Как ни странно, но взятие города профессиональными воинами удачи, сечевиками или донцами, для горожан было более предпочтительным. Эти приходили за добычей, считая ею и горожан, которые не вырезались ими, а пленялись для последующей перепродажи. Тех же евреев выкупали их соплеменники в Европе для вывоза в Палестину, католиков-ремесленников охотно брал царь, вывозя их на Урал или в Сибирь, где катастрофически не хватало людей, особенно грамотных. За знать платили их родственники из Литвы или даже России.
Ещё легче было сдавшимся до штурма. Они расплачивались только имуществом, после чего могли выбирать маршрут следования сами. Исключения делалось только для униатов, мужчин, не желавших возвращаться в православную веру, продавали в Персию, женщины и дети вывозились в Россию, где насильственно передавались для перекрещения. Тогда казаки рассматривали униатов как предателей и в оставленном Аркадием мире в восстании Хмельницкого их щадили редко.
Такое ведение кампании дало возможность разделения войска на несколько частей, благо опытных командиров всех уровней хватало, и армия Вольной Руси проявила себя в полном блеске.

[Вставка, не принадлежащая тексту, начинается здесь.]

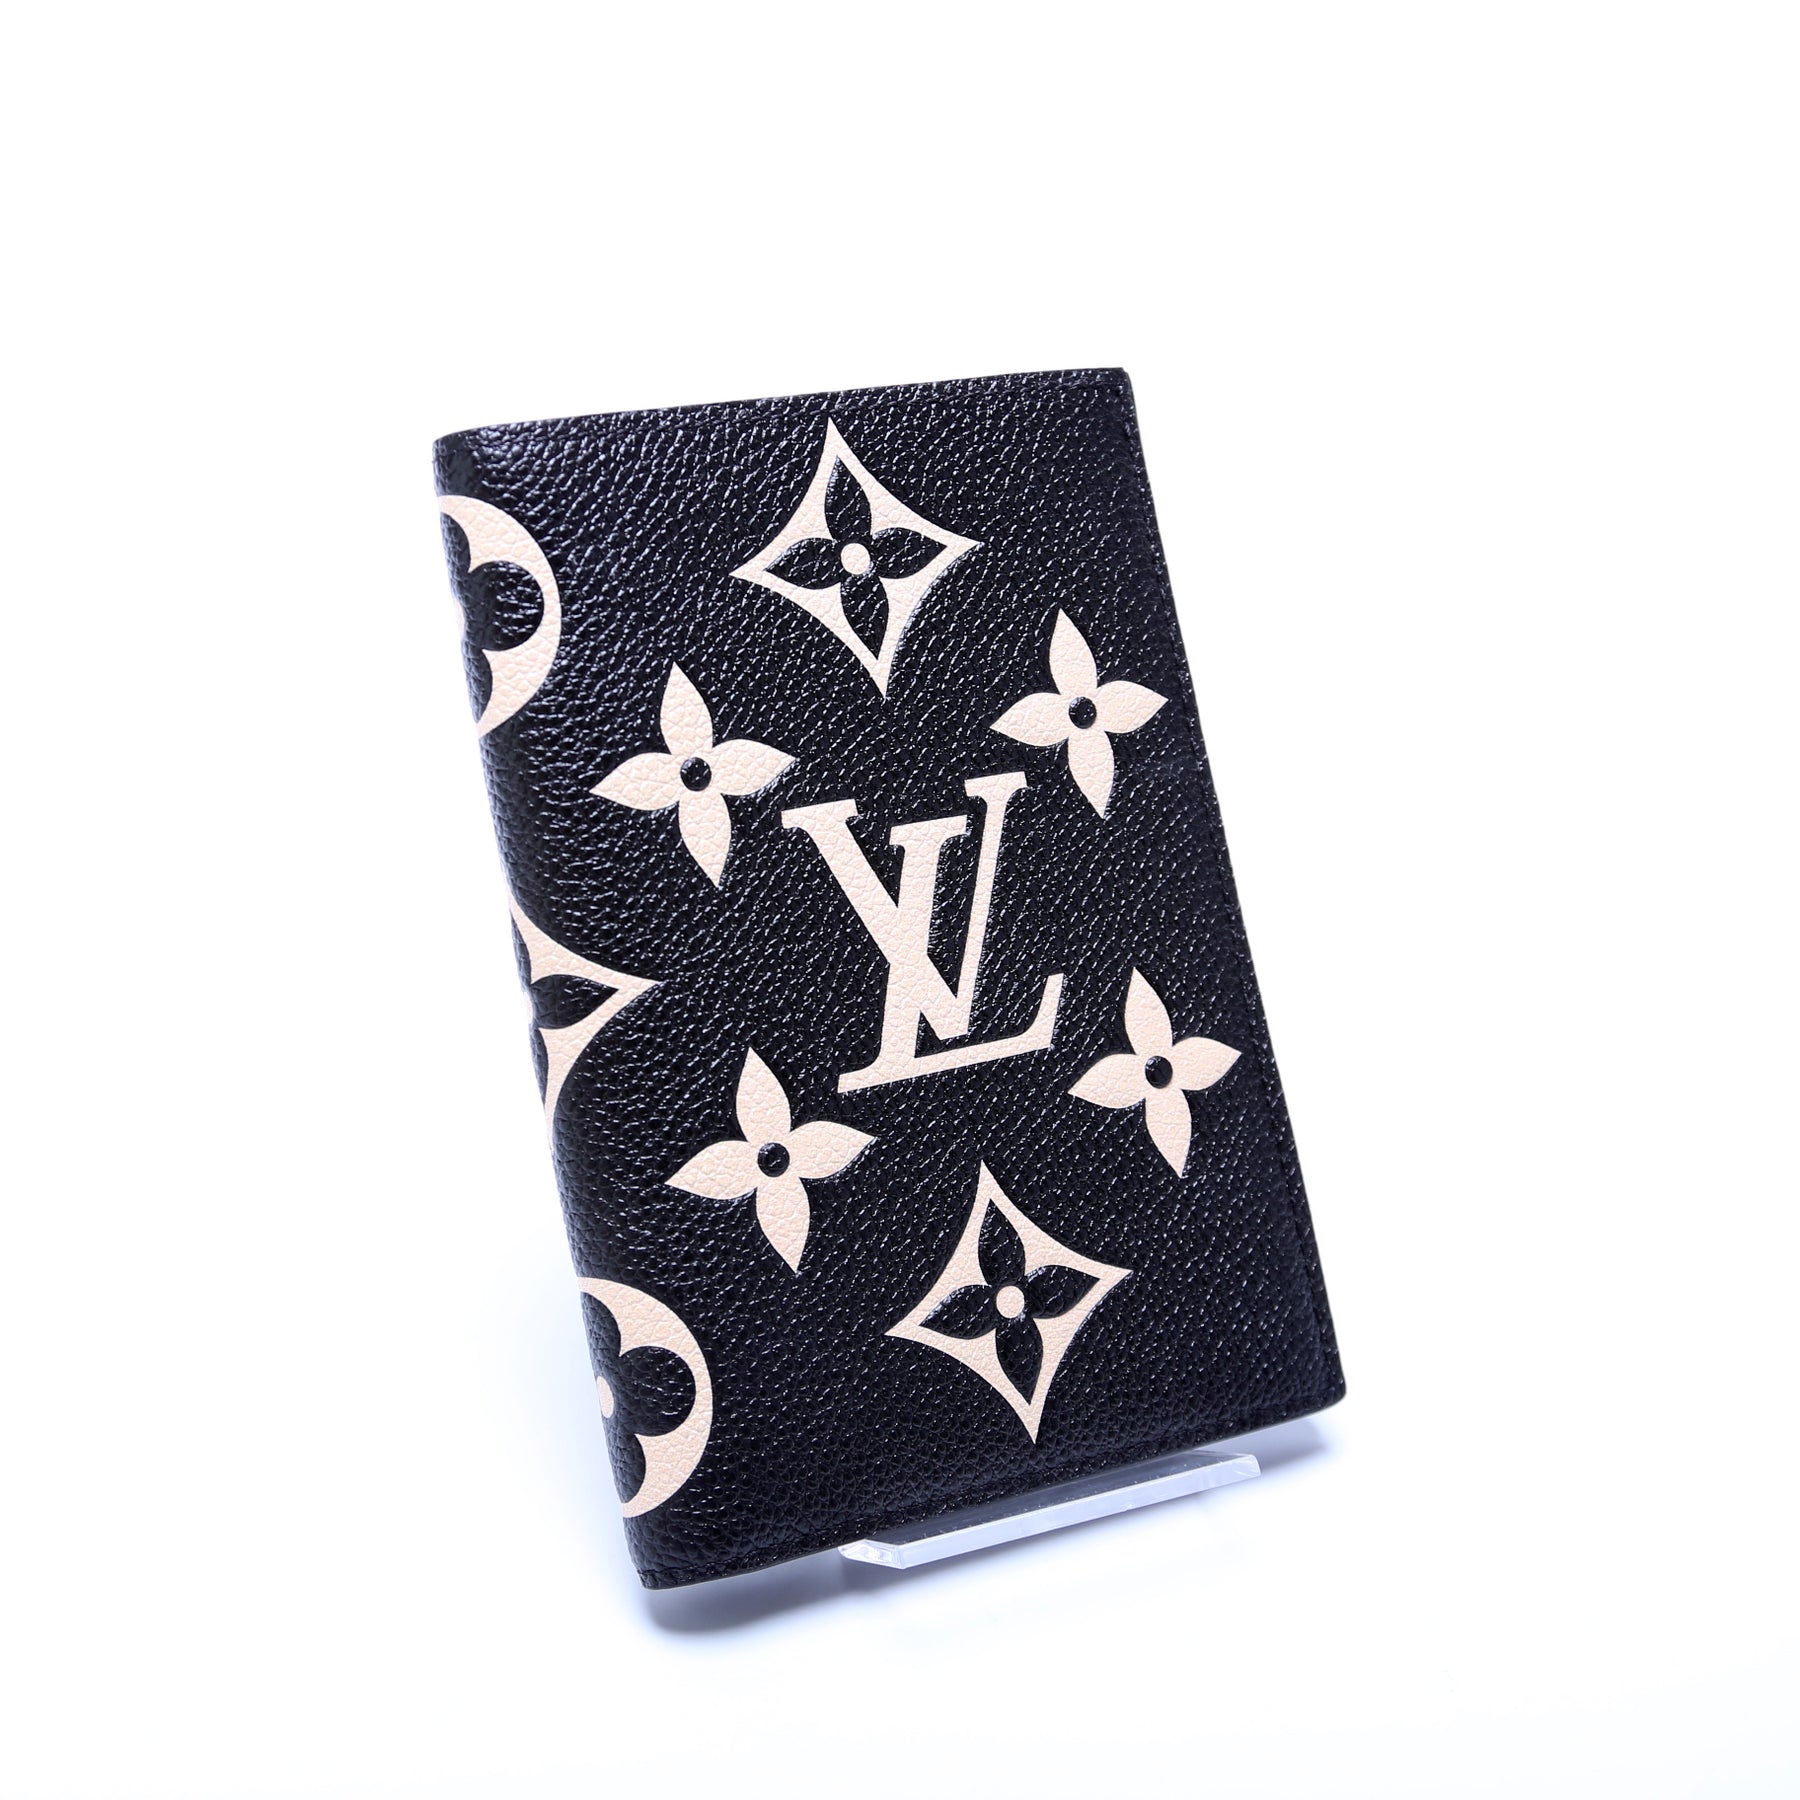 Louis Vuitton Monogram Empreinte Passport Cover, Black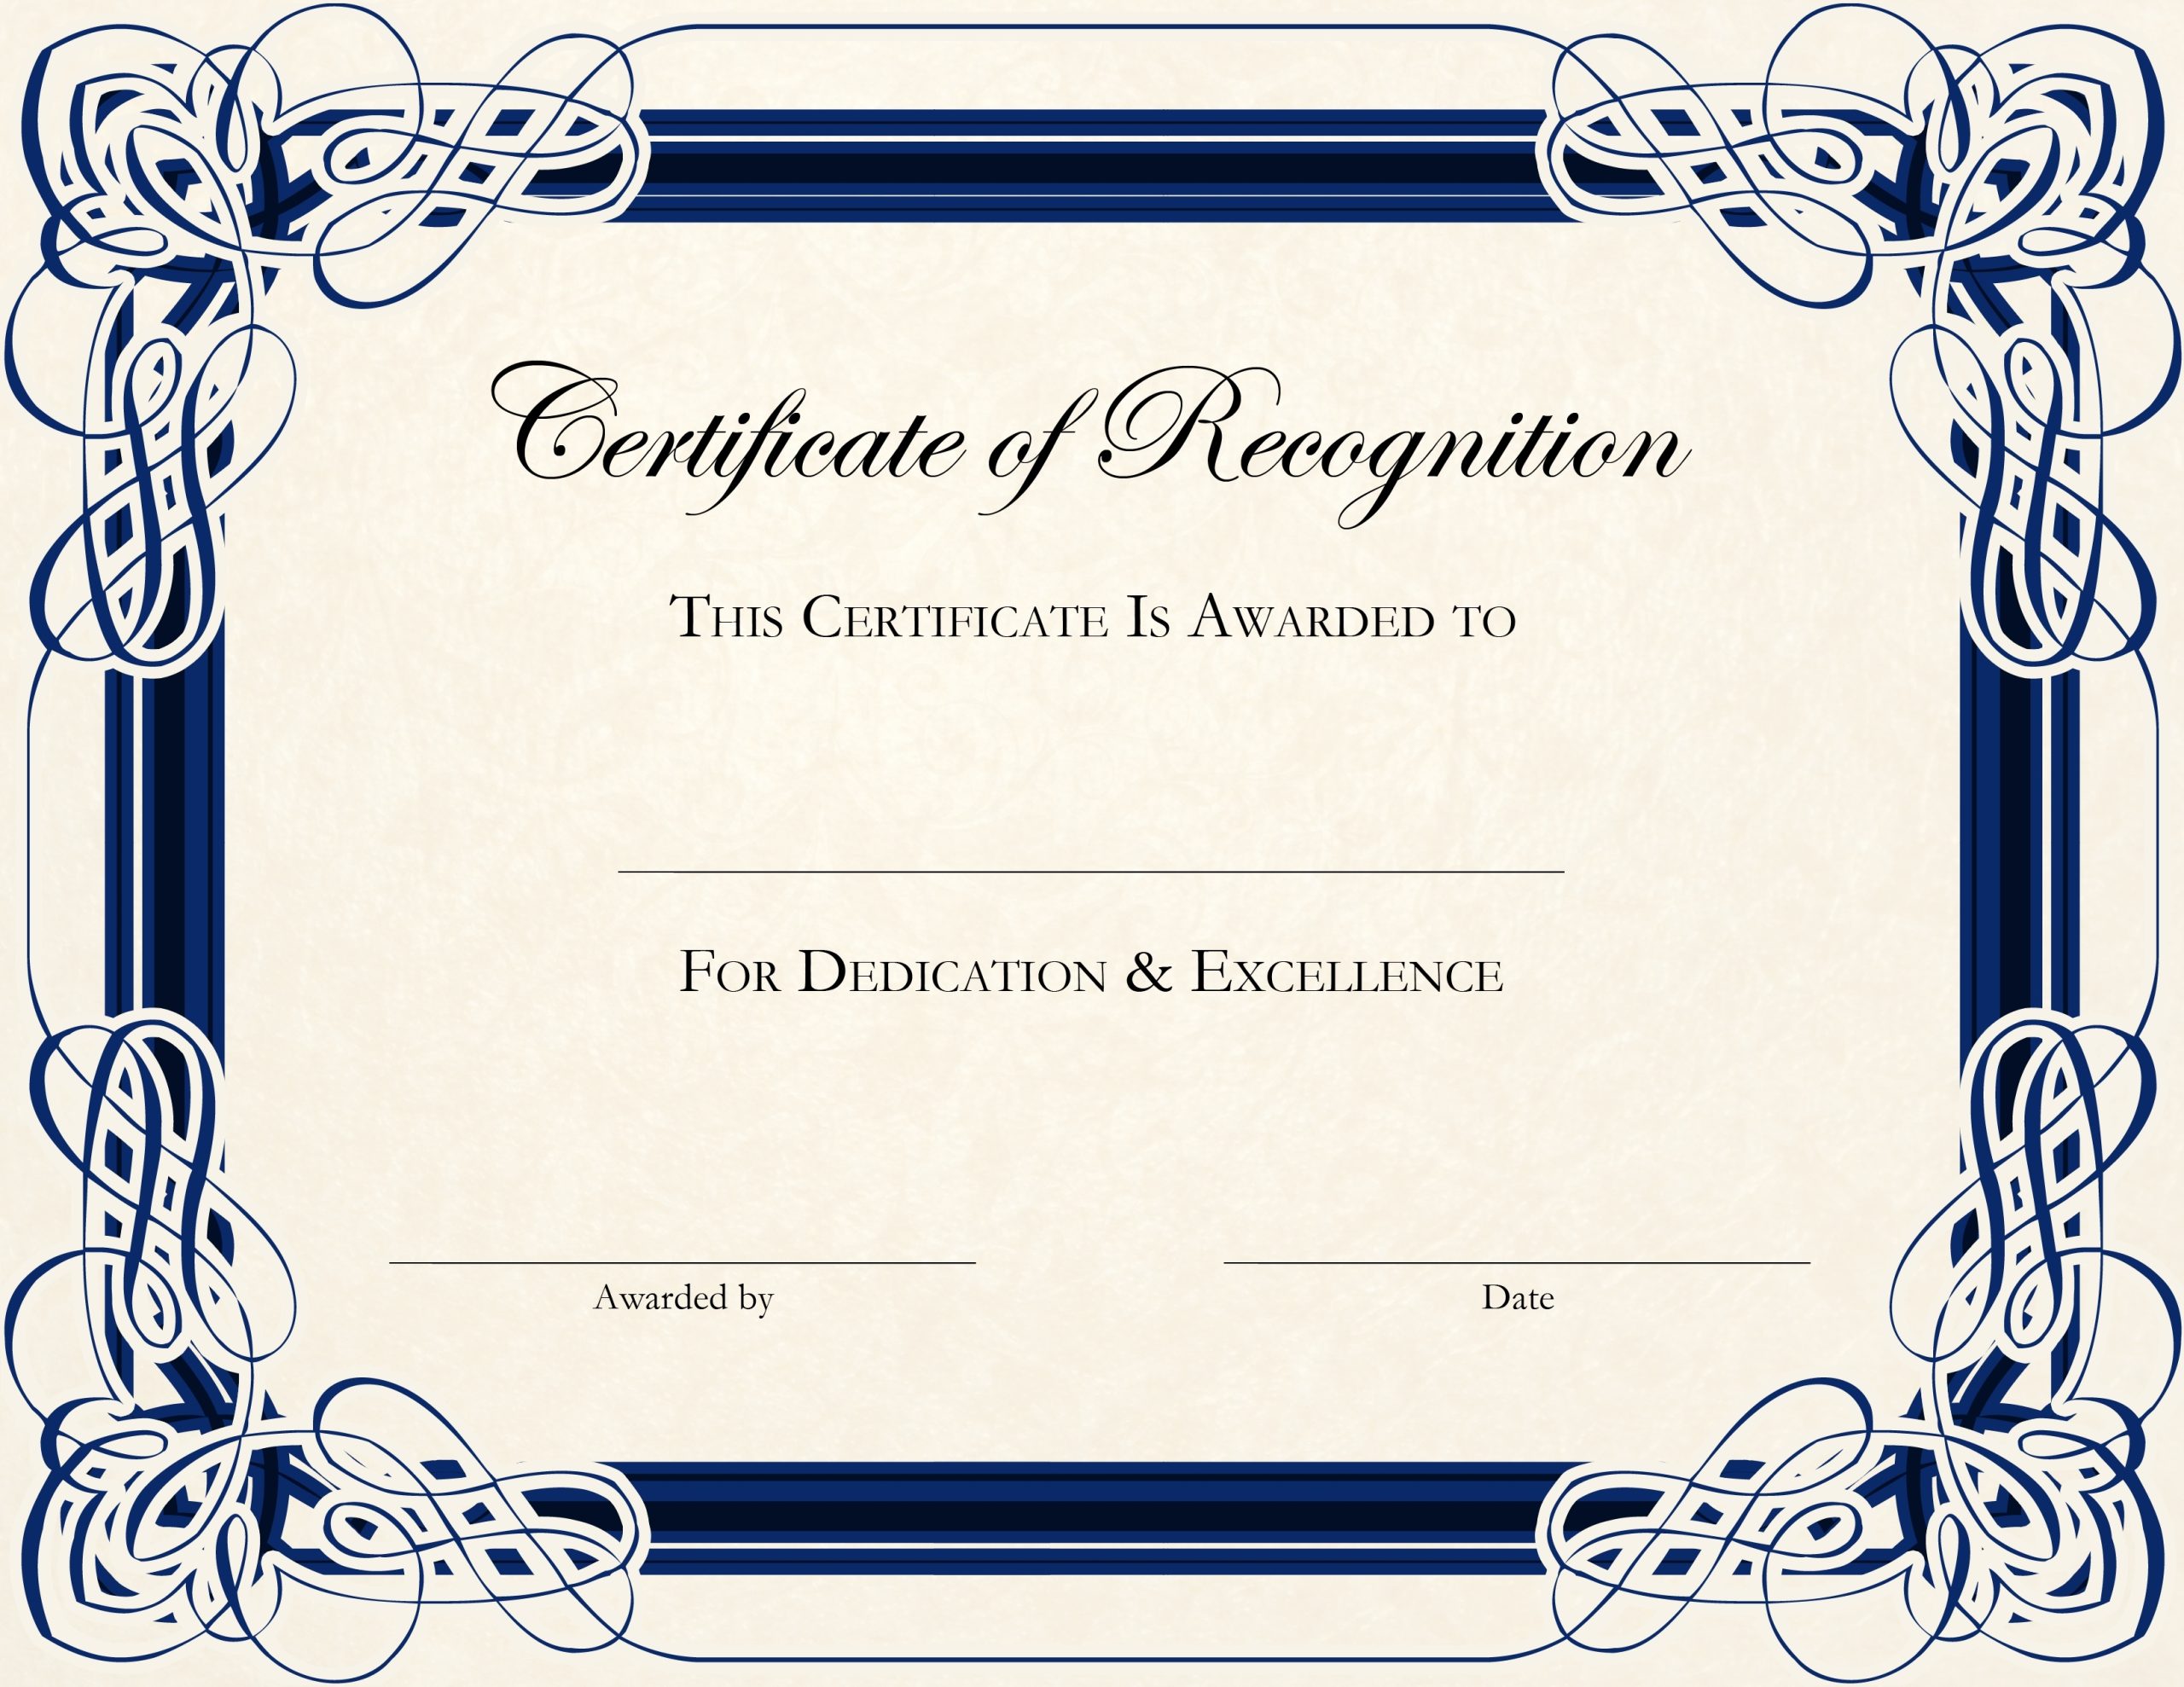 Certificate Of Appreciation Template Word - Task List Templates with regard to Gratitude Certificate Template

Даже мощные крепости, такие как Каменец-Подольский или Луцк, дождаться прихода польского войска не смогли, пали. В руках сторонников короля остались только несколько небольших, но очень хорошо укреплённых замков, гарнизоны которых из-за своей малочисленности никак не могли повлиять на предстоящее противостояние Вольной Руси и Польши. На восток потянулись обозы с награбленным добром и толпы пленников. Проблему с пятой колонной Богдан решил по-казацки, решительно и бесповоротно. Не считая её казацкой части. К сожалению, трудности с казаками и атаманами, склонявшимися к сосуществованию с Польшей, мечтавших о вхождениии казаков в шляхетское сословие, ему ещё только предстояло преодолевать.
Луцкое чудо
Волынь, апрель 1639 года от Р. Х.
Хмельницкий старался максимально полно воспользоваться задержкой выхода польского войска на Русь. Казацкие полки рассыпались по западным воеводствам Малой Руси, осаждая замки, города и местечки, ещё контролируемые поляками и их сторонниками. Одно за другим вражеские укрепления становились казацкими. Но даже в подобном удобном случае рассчитывать на взятие мощных укреплений Львова, Замостья или Луцка не приходилось. Каменец-Подольский взял Кривонос, благодаря тому, что оборона к моменту его появления под стенами была сильно ослаблена голодом. Оставлять для осады других сильных крепостей большое войско означало резко ослаблять армию, идущую на решительный, самый главный бой. А взять штурмом без огромных потерь было никак невозможно. Богдан отправил под эти города небольшие отряды — попугать местную шляхту, чтоб сидела тихо и не думала ударить его войску в спину. Однако Луцк неожиданно пал. Воистину чудом Господним. Естественно, что чудо совершил человек не простой, можно сказать, почти святой.
* * *
В неспокойные времена лучше сидеть дома, желательно под защитой крепостных стен с охраняющим их многочисленным войском. Дороги в Малой Руси превратились в очень опасное место. Однако жизнь продолжалась, и далеко не все могли последовать подобному разумному совету: не высовый носа из дома. Если у тебя по лавкам сидят малые дети, а денег на покупку для них еды нет или скоро могут кончиться, никуда не денешься, будешь рисковать. Молились (Яхве, Христу, святой деве Марии или Николе Чудотворцу...), но трогались в опасный путь.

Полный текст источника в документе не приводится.